Custom Transformation Matrices#

Now I’m just going a little too far, but you can actually define custom transformation matrices. I don’t really know what I’m doing here, so I will refer to these custom matrices as crazy matrices.

The way the function below crazy_mat works is that you define where you want your new RGB axes to go, and then it creates the crazy matrix for you.

def crazy_mat(
    r=[1, 0, 0],
    g=[0, 1, 0],
    b=[0, 0, 1],
):
    return np.array([r, g, b]).T


@plot
def do_crazy(img, **kwargs):
    return np.matmul(img[:, :, 0:3], crazy_mat(**kwargs))
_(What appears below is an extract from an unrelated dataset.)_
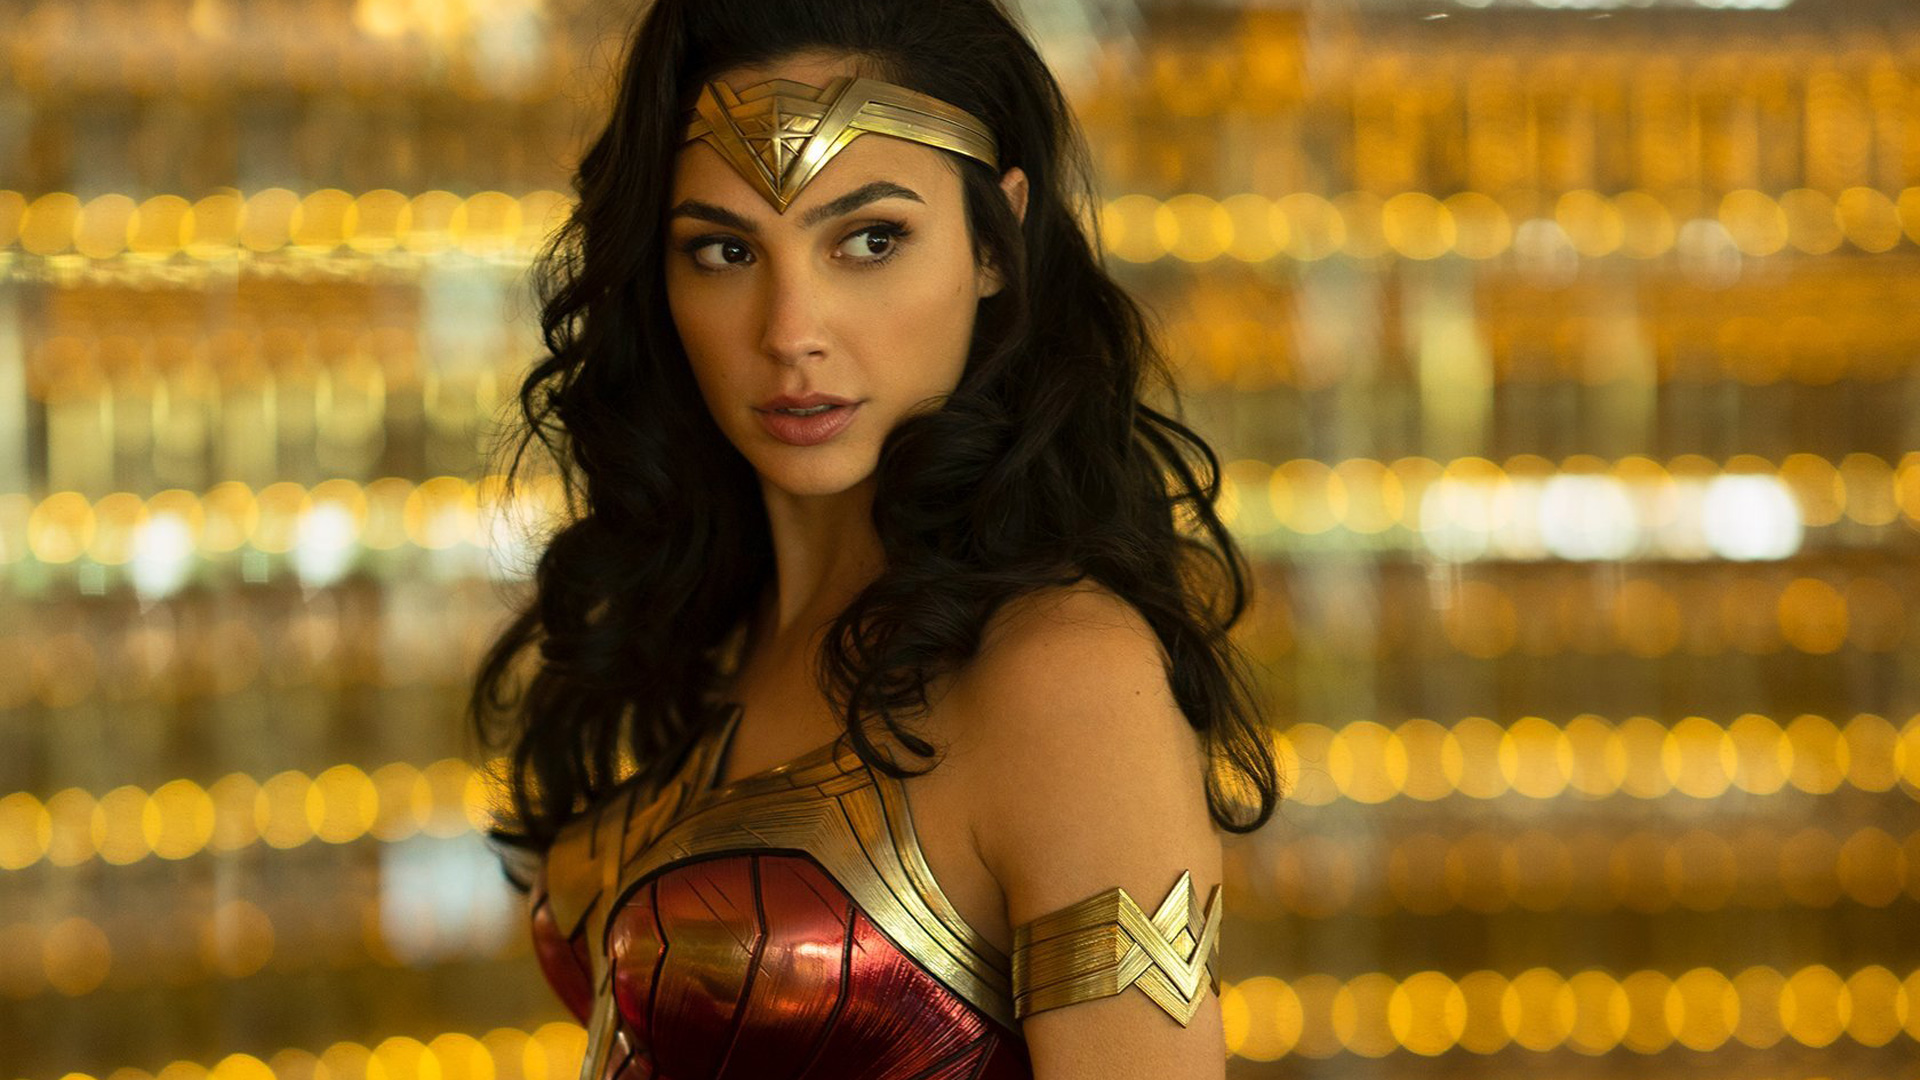 Wallpaper Gal Gadot Wonder Woman Hd Movies 7553: 1680x1050 Gal Gadot Wonder Woman 1984 Movie 1680x1050

The default crazy matrix is just the idendity matrix, and nothing will happen.

do_crazy(img)

../_images/597e551ed08e75ff2de2e8ad19ab1c9d354df4e1c001b8be63b8004895ca37ec.png

Now, let’s say we want to swap our Red and Green axes while leaving our Blue axis alone. We can probably achive this by performing a series of rotations, but it’s much easier to define a custom transformation matrix.

do_crazy(img, r=[0, 1, 0], g=[1, 0, 0])

../_images/c80518022de943ceeeb9ed09ee0a98bd6c05e4bc43ca2c90825de92b3252a4c2.png

You see how this did exactly what we said! The Red and Green swapped places!
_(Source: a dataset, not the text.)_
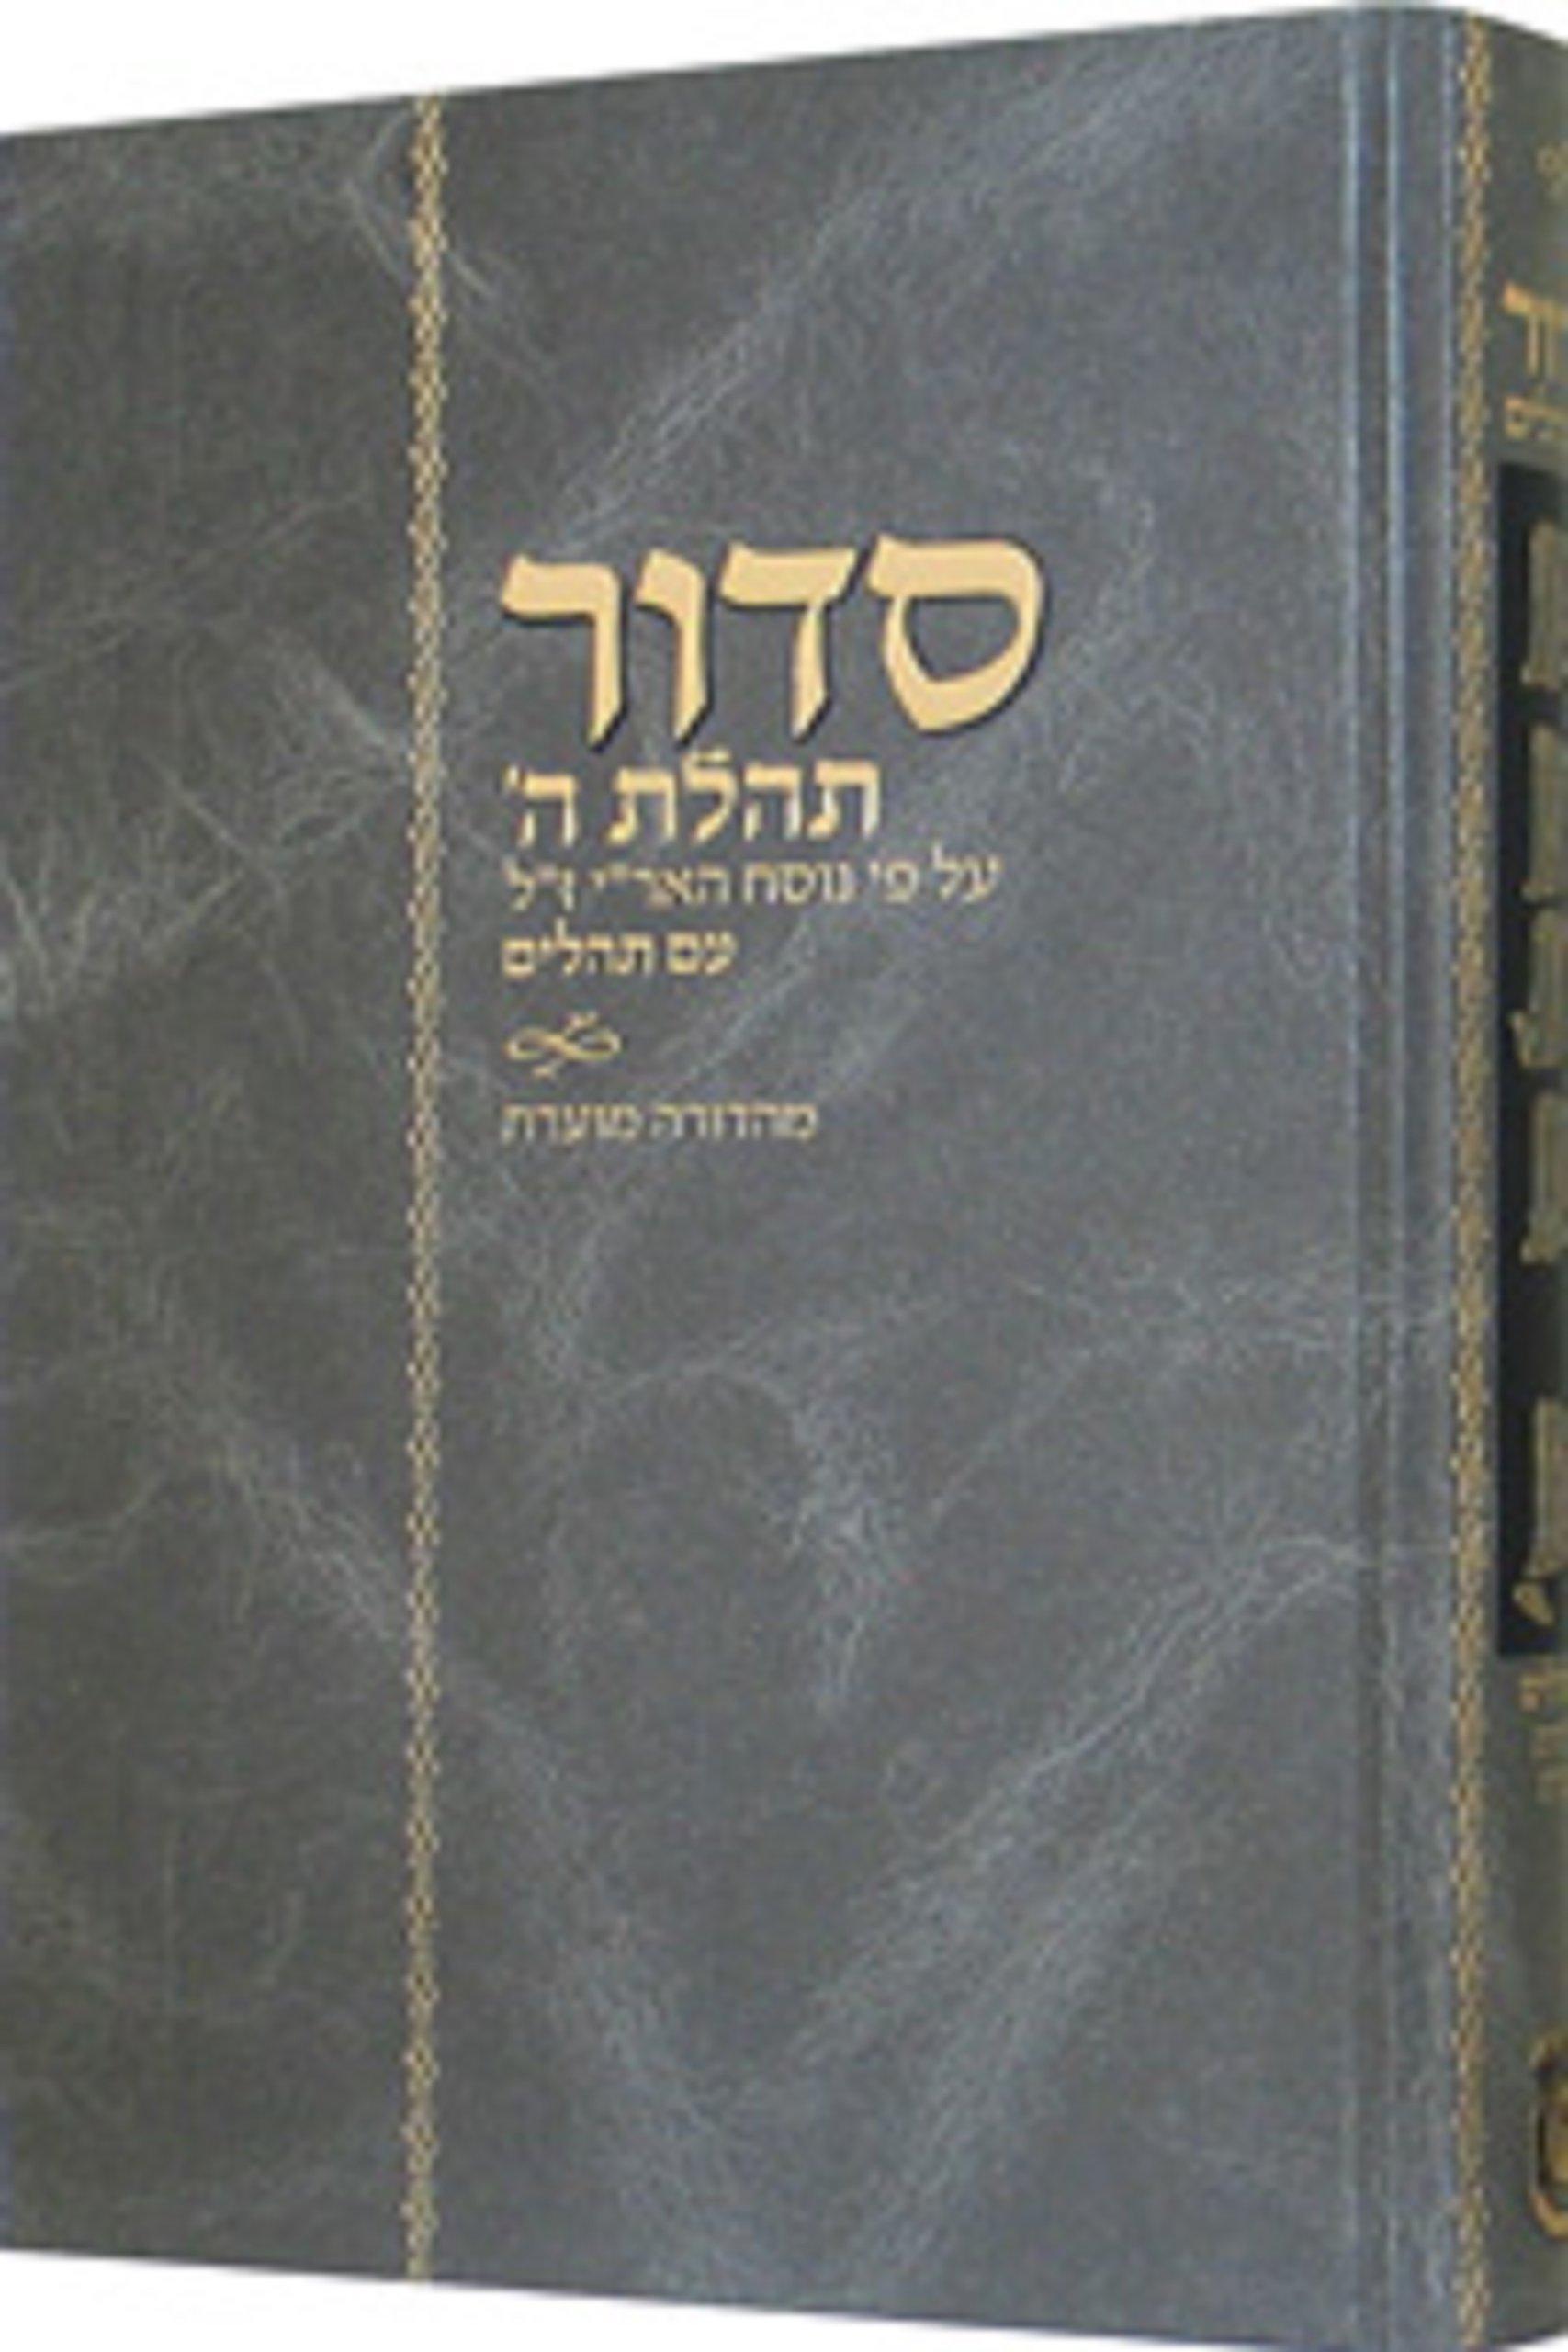 Siddur - Mahadurah Mueret Im Tehillim 5.5 x 8.5 (Hebrew Edition)

We can use this handy transformation matrix to even perform scaling!

do_crazy(img, r=[2, 0, 0], g=[0, 2, 0])

../_images/416d60ffae0df5d6e4eea4b12f22a8d90ea2c87b7f3f1296489ce5e10ae88841.png

Which is the same as if we just used our previous scaling function.

scale(img, r=2, g=2)

We can even collapse colors into a single dimension, making the color grayscale. Let’s collapse both red and green into the blue dimension.

do_crazy(img, r=[0, 0, 1], g=[0, 0, 1])

../_images/1744bd194ec97fb64840528c5a8640d53bc0999cc30c176b150715a009bf6dba.png

Or collapse only one color into another dimension. Let’s collapse red into blue.

do_crazy(img, r=[0, 0, 1])

../_images/ddd87f22de2a4e988d31ffaa1d3ecc9f4751e0ca2321b7a2ae60d89a36fd2253.png

Magnitude#

We haven’t yet discussed getting the magnitude of a vector. This is its length, or distance from the origin.

For colors, the origin is black, so its distance from black can be thought of as its brightness.

def compute_magnitude(img):
    img_mag = np.empty_like(img)
    mags = np.linalg.norm(img, axis=2)
    for i in range(3):
        img_mag[:, :, i] = mags
    return img_mag


@plot
def magnitude(img):
    return compute_magnitude(img)


magnitude(img)

../_images/35f26563244d31a3cdaa9803b233b33185164377d80f3781e76f1022d6c8530b.png

You see that some magnitudes are greater than 1.0. We can normalize those.

def compute_normalized_magnitude(img):
    mag = compute_magnitude(img)
    return mag / np.max(mag)


@plot
def normalized_magnitude(img):
    return compute_normalized_magnitude(img)


normalized_magnitude(img)

../_images/50048b94e8439b16a42e755ca8e5213bc58f9dfe987516fdd5439129b26d926e.png

Direction#

So, what can we do with direction? Here’s an idea: The dot-product of two vectors returns the angle between those vectors.

Anyway, if I have time to do a demo I will, but this article is getting pretty long, so it’s probably time to wrap it up.